Universities typically use grading scale from 0 to 5:

| Finnish grade | English explanation | US equivalent | German equivalent | Dutch Equivalent | Greek Equivalent |
|---|---|---|---|---|---|
| 5 | excellent | A | 1.0 | 8.5-10 | 10 |
| 4 | very good | B+ | 1.7 | 8-8.5 | 9 |
| 3 | good | B− | 2.3 | 7-8 | 8 |
| 2 | satisfactory | C− | 3.0 | 6-7 | 7 |
| 1 | pass | D | 3.7 | 5.5-6 | 6 |
| 0 | fail / insufficient | F | 5.0 | fail / insufficient | < 5 |

As a rule of thumb, passing an examination requires obtaining 50% of the maximum points in the examination. There is almost no grade inflation in Finland and students' grade averages of over 4.0 are rare. In fact, it is not uncommon for an examination to be failed—or passed with grade 1—by most students.

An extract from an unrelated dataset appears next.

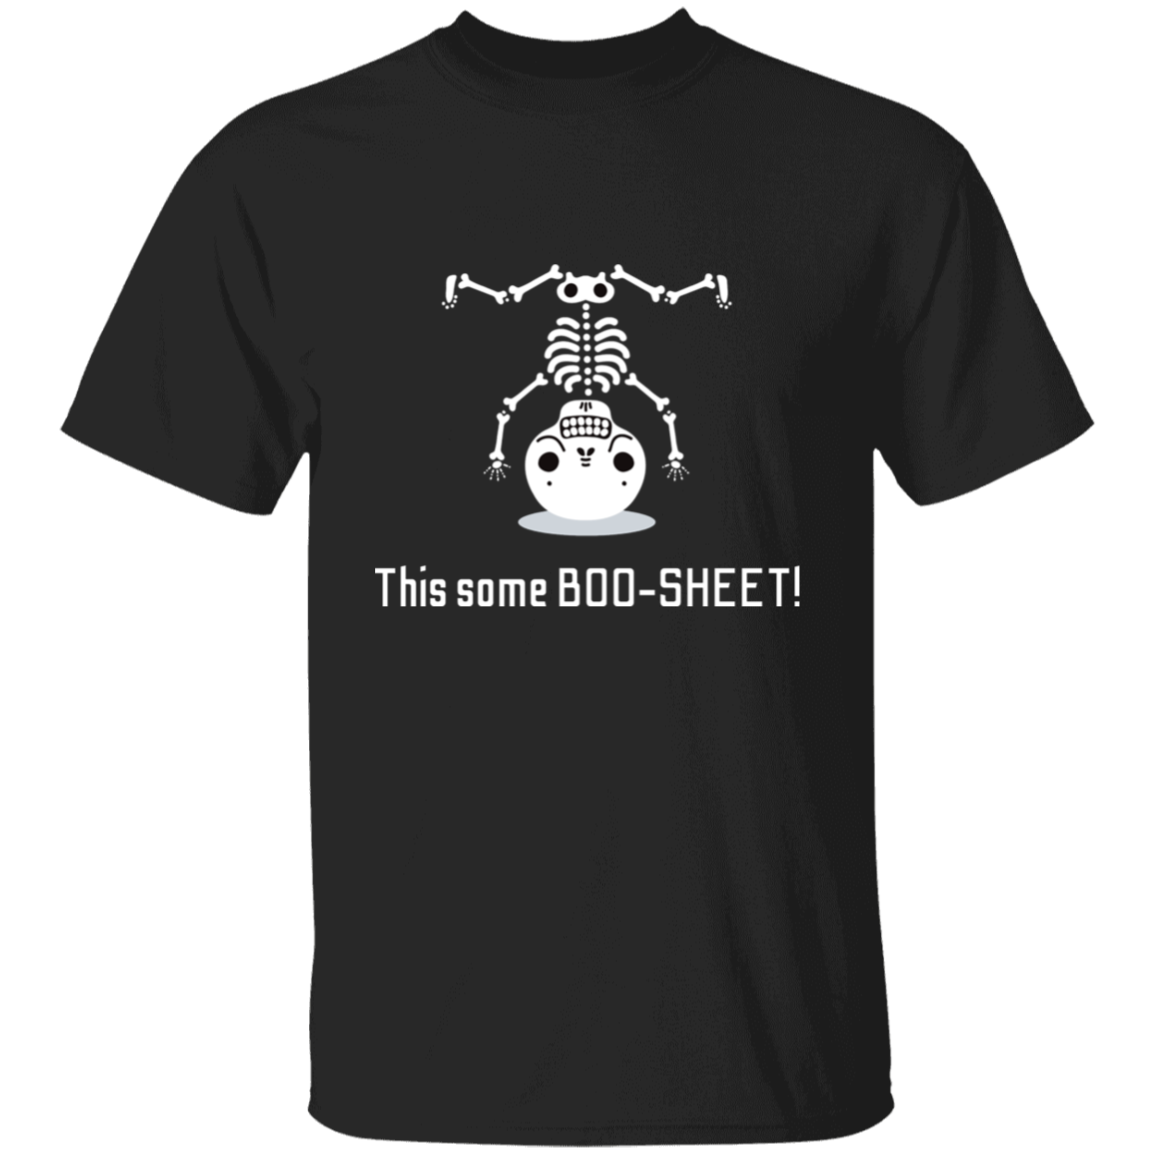 BOO-SHEET T shirt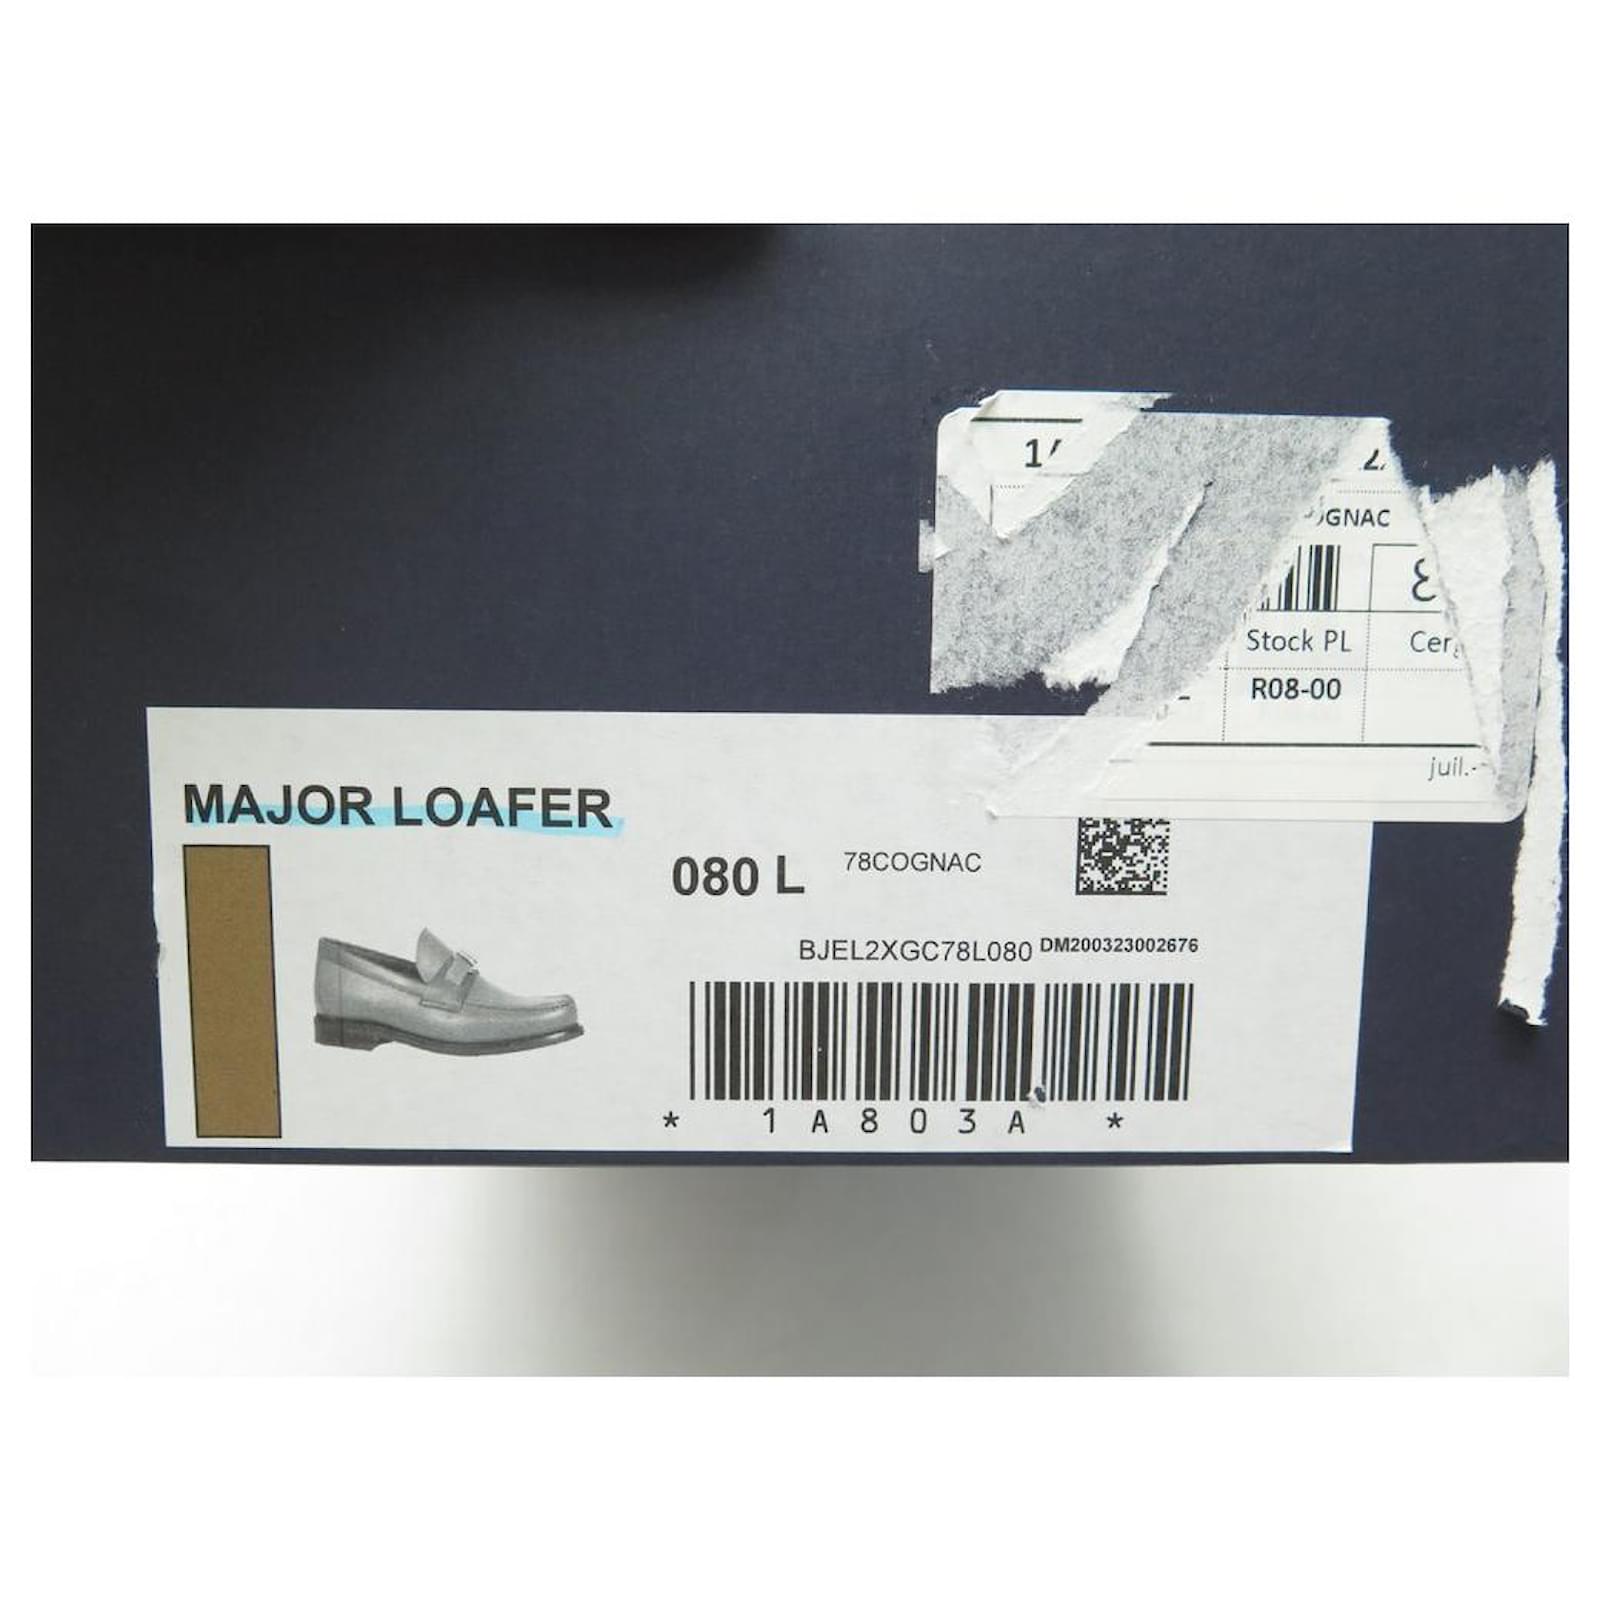 Louis Vuitton Major Loafer Mocha. Size 08.0

Before Autumn 2005, grades from 0–3 were in use (0 = failed, 3 = very good/excellent) and can be seen in older certificates. Some courses have also been graded on a conditional system of either pass or fail.

Master's theses are typically graded with either the above scale, or by the Latin system used in high school matriculation exams, see above. In the grading of Master Theses, there is also non sine laude (N) between lubenter (B) and cum laude (C). In the 19th century, grade admittitur "admitted" was used as the lowest passing grade, below approbatur. Contrary to the upper secondary school however, the grade laudatur is typically used very rarely (significantly less than 5% of theses). Indeed, laudatur is often reserved for exceptional students and it is typically awarded for a thesis only once in 5 to 10 years. In practice, eximia is often considered as the best grade available and it best corresponds to a grade of 5 in the 0–5 scale. Some universities (e.g. University of Turku or University of Helsinki) have switched to grading Master's Theses using the 1–5 grading scale (see below).

Doctoral theses are usually evaluated by pass or fail, although some universities use the Latin system, or the scale from 0 to 5. Some universities award a grade of "pass with distinction" (kiittäen hyväksytty) for the top 10–15% of theses awarded.